Some communities gave it back.

"So, it couldn't have been in our budget before, so it had to be a new expense, and then if you read through the whole public act information, which was pages long, there was limitations there, too, as to what you could and couldn't use it for," Thomas said. "I contacted other local treasurers that we work with from time to time and we couldn't find any expenses that we...I mean, the only expense we had was our online meetings, and that was minimal. So, I took it to council, and we decided it probably wasn't worth the paperwork."

It was a unanimous decision, and Maple Rapids sent the entire grant back to the federal government. Had there been looser restrictions on what the grant could have been used for, Thomas said, the village would have used it for government payroll and to cover the loss from residents' unpaid water bills since the pandemic began.

"I mean we still have people who haven't, because we can't turn their water off, they're not paying their water bills," Thomas said.

Clinton County Administrator Controller Craig Longnecker was the deputy administrator for the county when it received its four CARES Act grant payments, totaling more than $1,300,000. The county spent most of it on public safety, public health, hazard pay and supplies such as personal protective equipment and disinfectant.
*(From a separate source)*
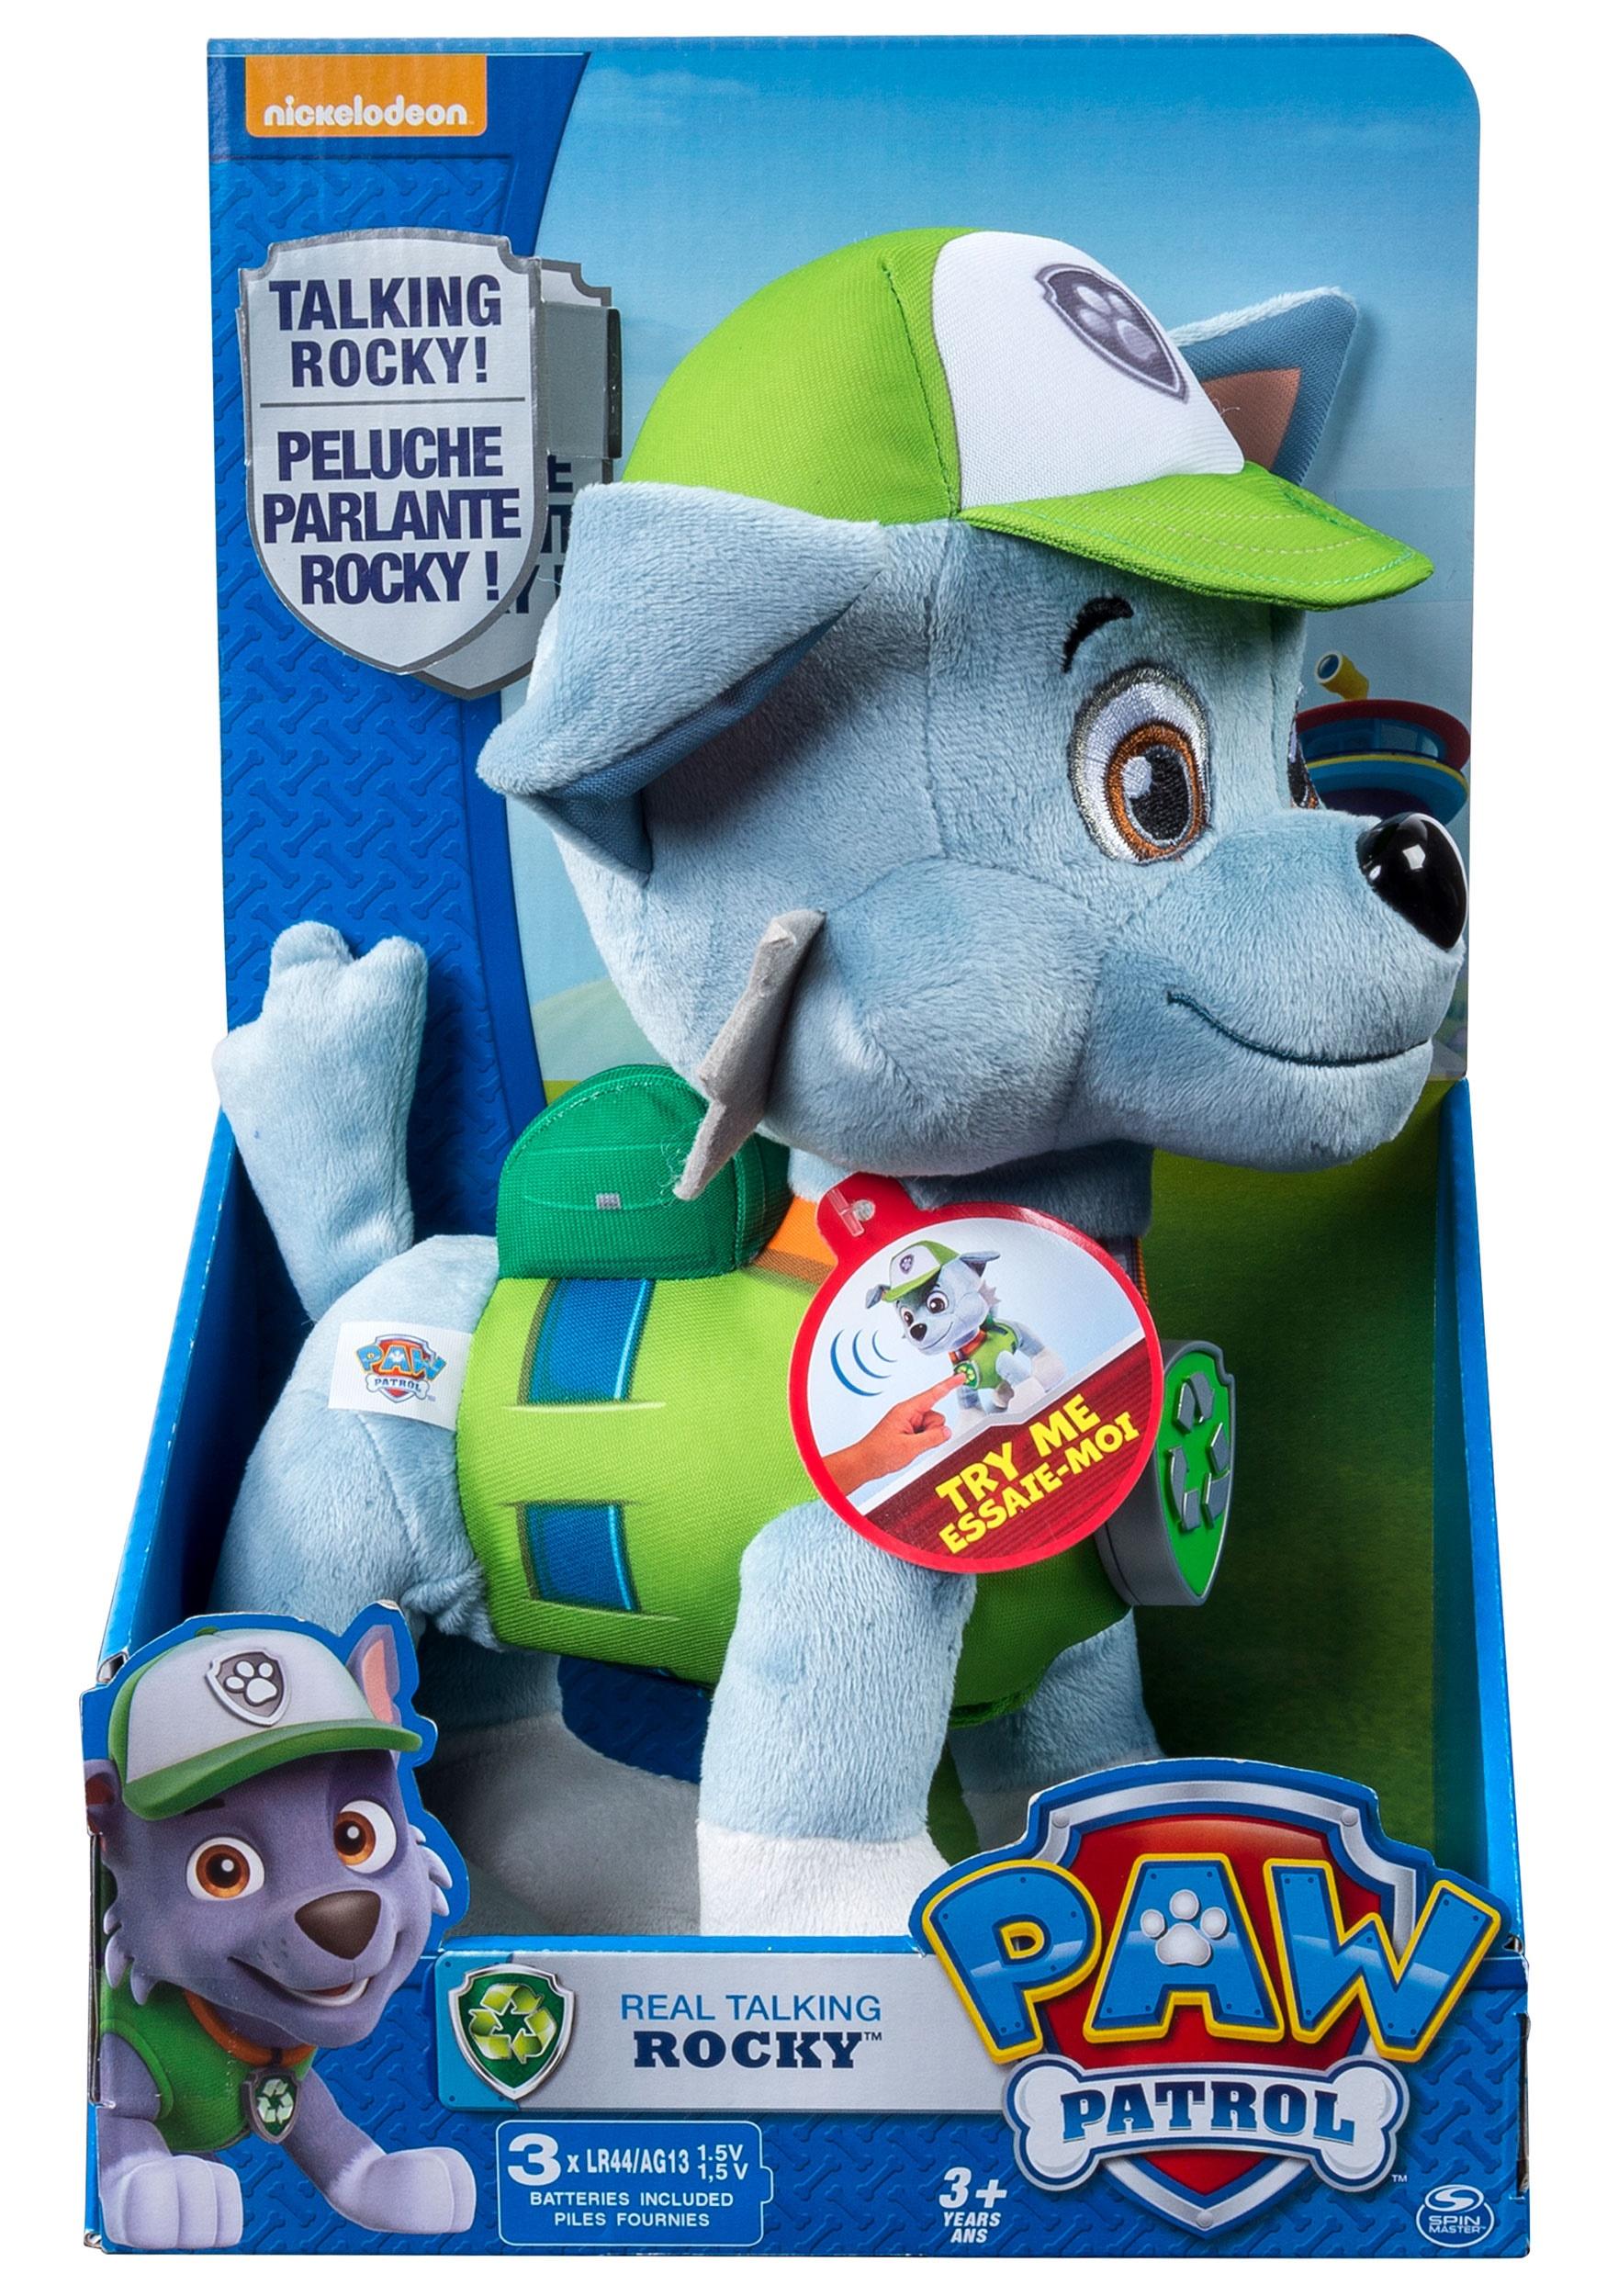 Paw Patrol Rocky Talking Stuffed Toy
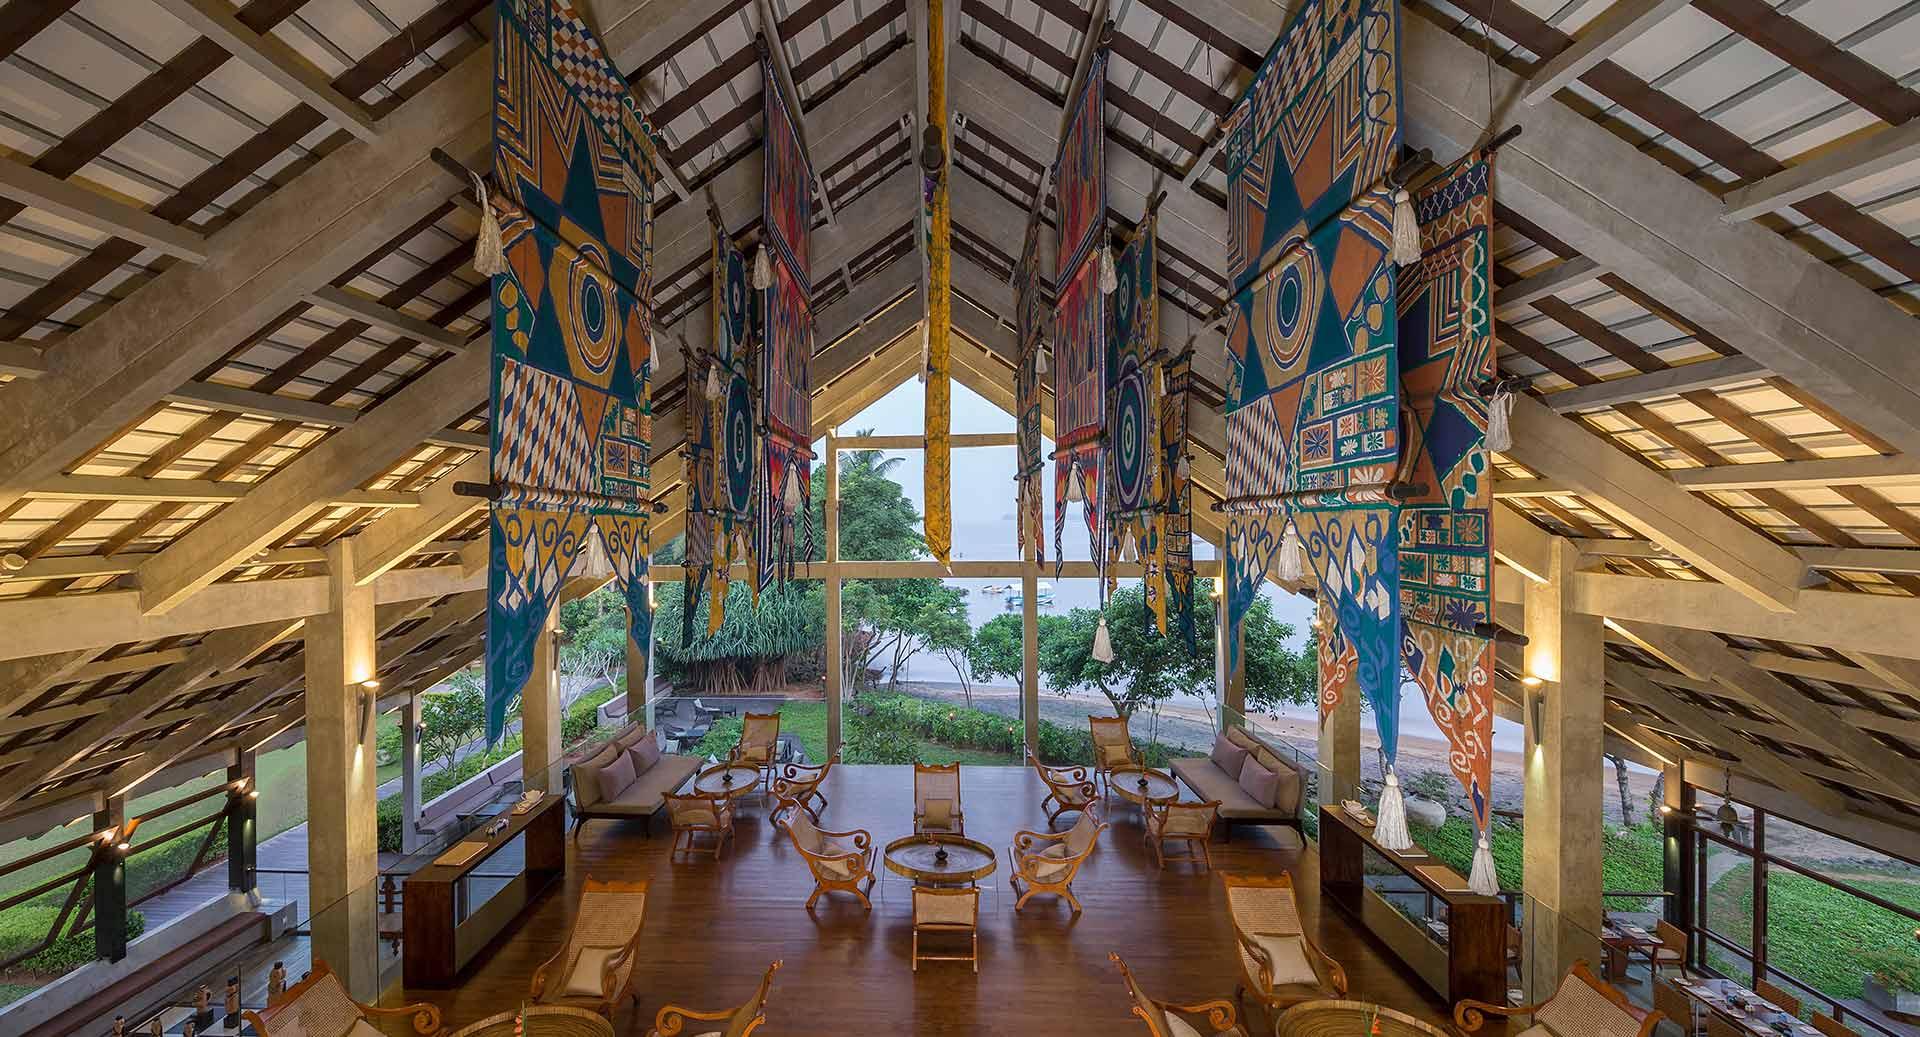 Photo Gallery | Images of Anantara Kalutara Sri Lanka

The county returned $19,000 to the federal government.

"The criteria was very strict and you needed to identify payroll reimbursement that provided additional safety and was related to the public health crisis," Longnecker said. "We identified what we could and that's what was eligible."

In March, the $1.9 trillion American Rescue Plan was passed. It is unknown how much money each municipality will receive.

"We're anticipating we'll receive in the neighborhood of $15 million," Longnecker said, "but I think that may be a high number because I think they're going to have to recalculate it and include some of the villages they left out."

They don't know how they'll use it. The problem is, Longnecker said that the county has not yet gotten specific guidelines from the U.S. Department of Treasury on how they can spend the money.